GPU	AutoStop & Heuristics	overall evals	energy	rmsd	docking	microseconds per eval	speedup vs OpenCL
A6000 Ada	no & no	105308281	36 / 42 good	36 / 42 good	38.77 s	0.368	1.04x
A6000 Ada	no & yes	110376381	38 / 42 good	37 / 42 good	89.92 s	0.815	1.01x
A6000 Ada	yes & yes	79465317	38 / 42 good	37 / 42 good	78.25 s	0.985	1.03x

[atillack]

@diogomart Please rerun verification :-)

[atillack]

@L30nardoSV @diogomart I optimized and cleaned up the WMMA code a bit, added checks to make sure the device we're running on is able to run the tensor core sum reductions, and now also automatically set the minimum compute capability to 8.0 so make TENSOR=ON is all that's needed now.

From my end that's all the code changes and I'll approve/merge when Diogo's regression check is successful.

[L30nardoSV]

Thank you @atillack. I look forward to seeing the results of @diogomart's check :)

[hwcopeland]

@L30nardoSV I am in favor of merging this PR as an option to "future-proof" the Cuda branch a bit. There are still a couple modifications needed - those should be minor, but i since unified the host code for example and made some other small tweaks to performance.

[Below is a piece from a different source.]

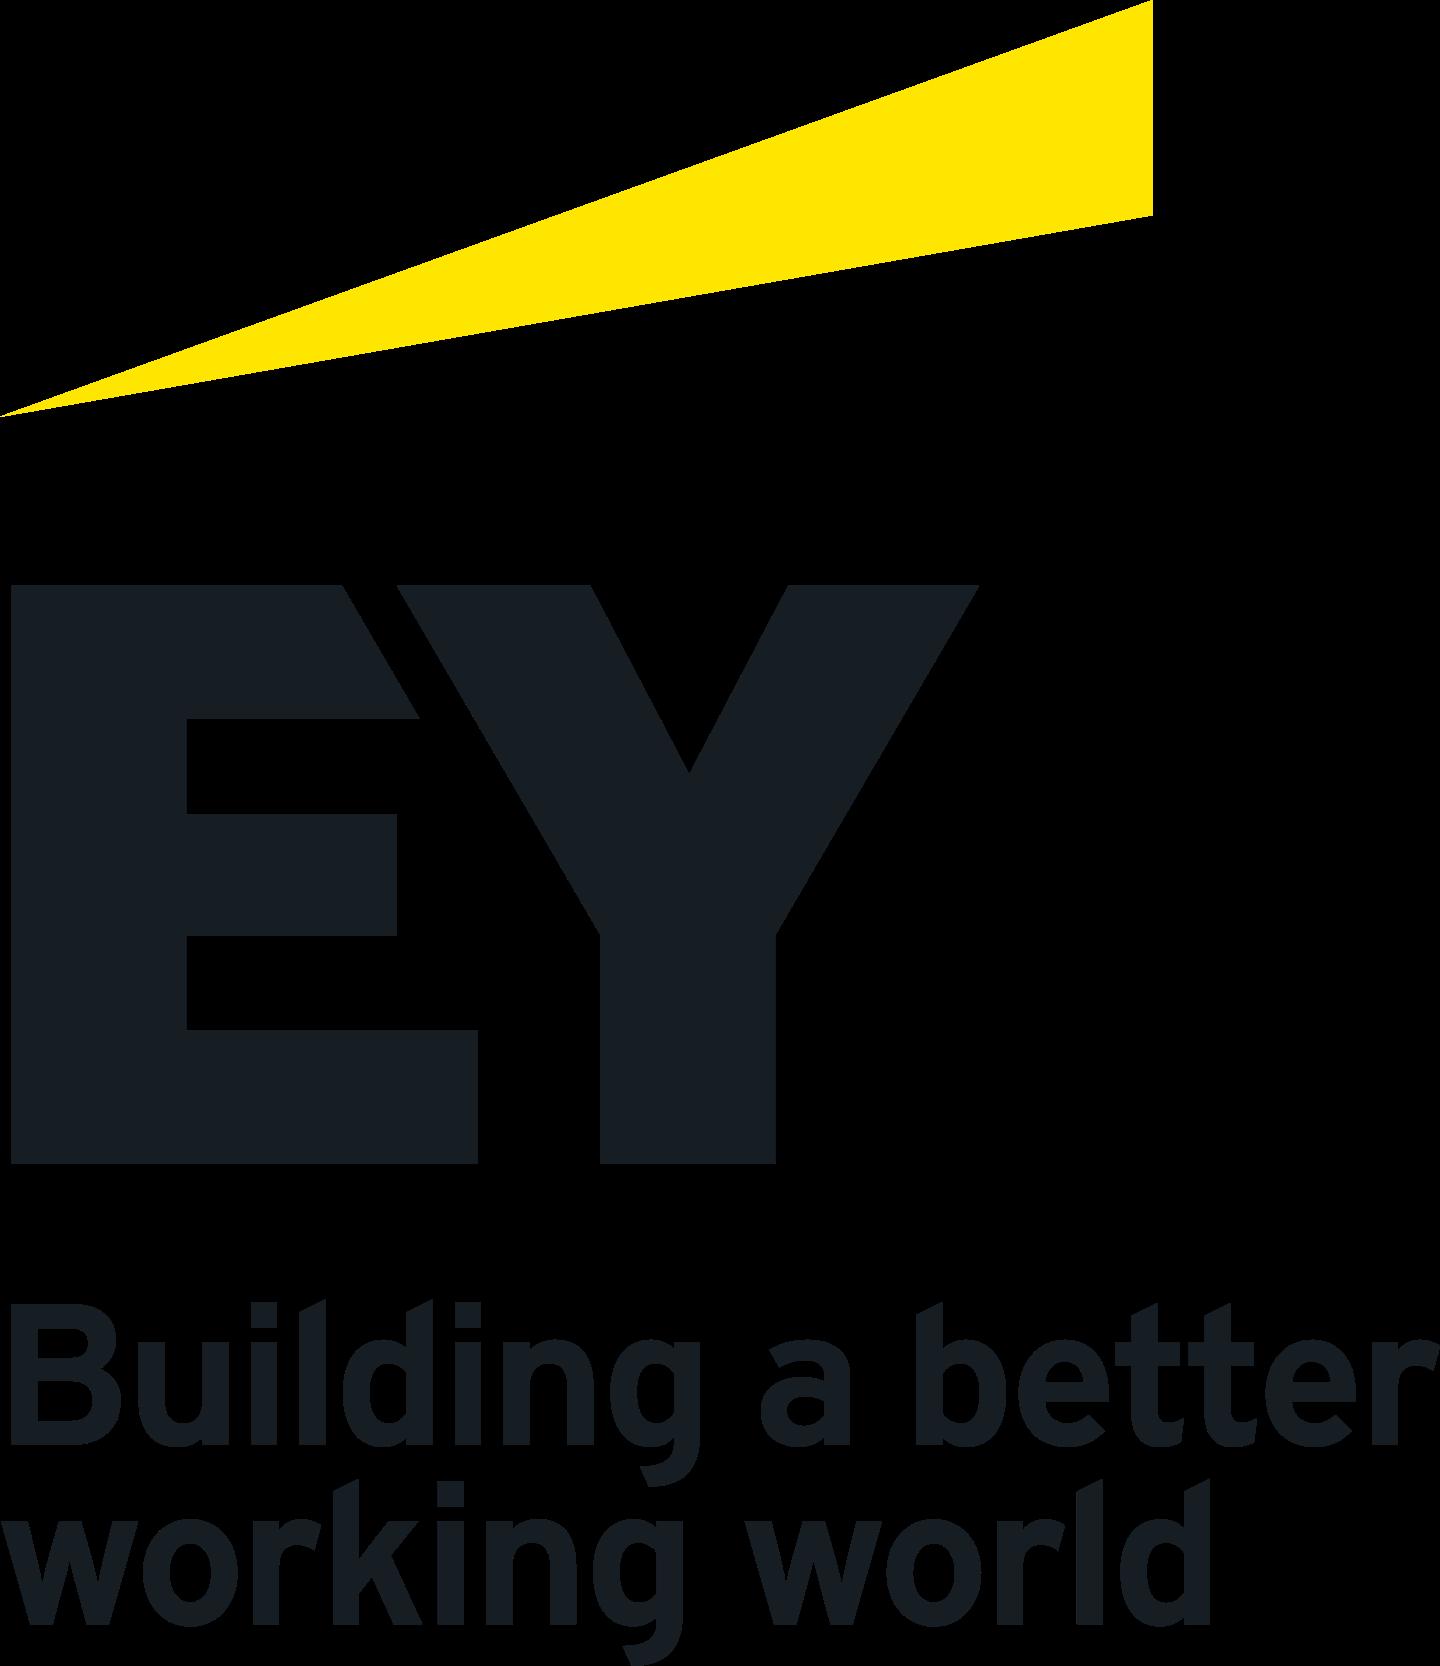 ernst young logo 5 - Ernst & Young Logo

There is no free lunch though: theoretical FP32 flops w/ vs. w/o tensor cores and memory bandwidth stay the same, it's just a question which implementation is more efficient (unsurprisingly Nvidia's WMMA does a good job). So even with this PR and the tensor cores used, the Cuda path is still currently at best as fast as the OpenCL path (which typically is about 5% faster). There is a chance though some of the changes i made also will speed up this PR ;-)

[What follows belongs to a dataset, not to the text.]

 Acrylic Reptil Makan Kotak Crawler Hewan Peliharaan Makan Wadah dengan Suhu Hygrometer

OpenCL runs of the most recent code (261c91f) run on the same nodes as above:

GPU AutoStop & Heuristics overall evals energy rmsd docking microseconds per eval speedup vs PR TCEC A5000 no & no 105421266 36 / 42 good 38 / 42 good 91.58 s 0.869 1.06x A5000 no & yes 110360358 39 / 42 good 38 / 42 good 212.89 s 1.929 1.00x A5000 yes & yes 80855441 36 / 42 good 38 / 42 good 184.47 s 2.281 1.05x A6000 Ada no & no 105393969 37 / 42 good 36 / 42 good 40.29 s 0.382 1.08x A6000 Ada no & yes 110372962 38 / 42 good 39 / 42 good 91.14 s 0.826 1.03x A6000 Ada yes & yes 78186199 37 / 42 good 36 / 42 good 79.45 s 1.016 1.03x H100 no & no 105462969 36 / 42 good 37 / 42 good 64.67 s 0.613 1.06x H100 no & yes 110356319 39 / 42 good 37 / 42 good 145.83 s 1.321 1.05x H100 yes & yes 88132921 37 / 42 good 37 / 42 good 136.91 s 1.553 1.06x

Thank you I've been looking everywhere for numbers like this.